Pat Solitano is just trying to get his life back.

Upon walking in on his wife with another man, Pat (Bradley Cooper) had a breakdown – a symptom of his bipolar disorder – and assaulted his wife’s lover. When his mother Dolores (Jacki Weaver) pulls him out of a mental hospital, Pat sets out to use his newfound optimism, embodied by the refrain “Excelsior!,” to win his wife back.

So begins “Silver Linings Playbook,” the new screwball comedy from David O. Russell (“I Heart Huckabees,” “The Fighter”). Pat moves back home with his parents in Philadelphia and enters therapy. He meets a woman named Tiffany (Jennifer Lawrence) with a dark past of her own. She promises to help Pat reconnect with his wife, so long as he does something for her.
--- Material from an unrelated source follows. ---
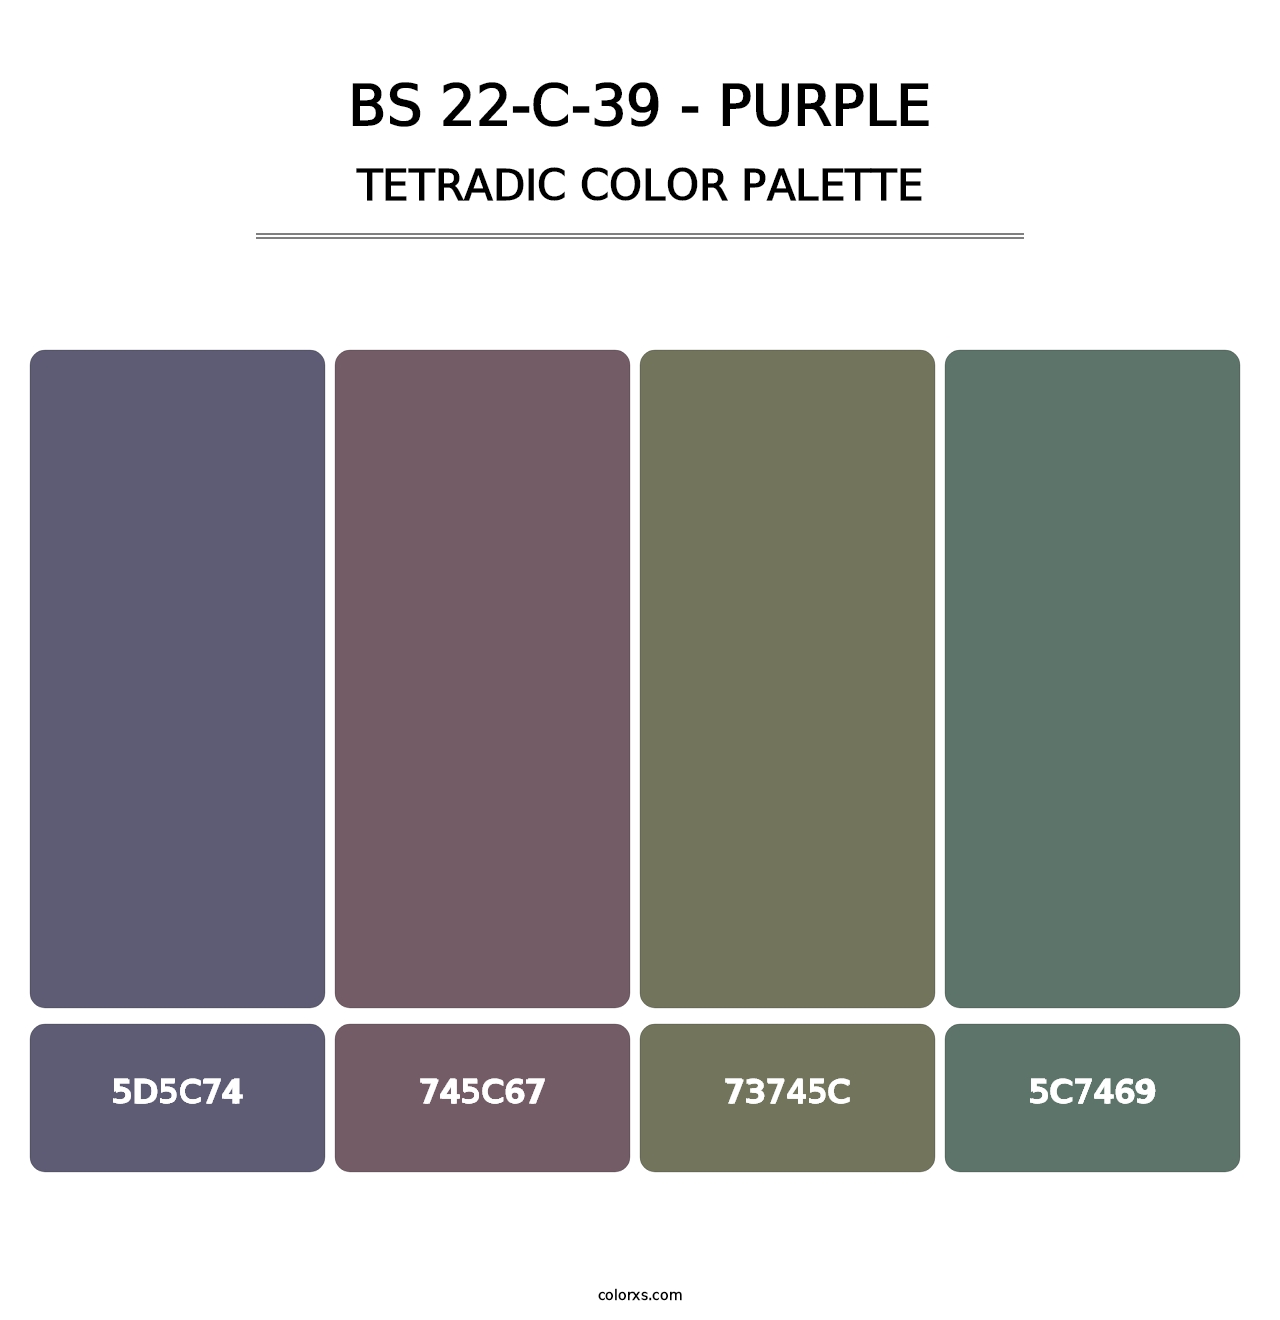 BS 22-C-39 - Purple - Tetradic Color Palette

In the meantime, Pat’s mother tries to ease her son back into his life while the rampant fandom and superstitions of his father make that adjustment more difficult. Pat Sr. is a diehard Eagles fan, arranging his remote controls to face the proper way to keep the Eagles “jujuice” going. This “OCD behavior,” as Pat Jr. calls it, provoked Pat Sr. to start so many fights at the sport stadium that he has been banned for life.

In one scene, Pat wakes his parents up at 4 a.m. to complain about “A Farewell to Arms.”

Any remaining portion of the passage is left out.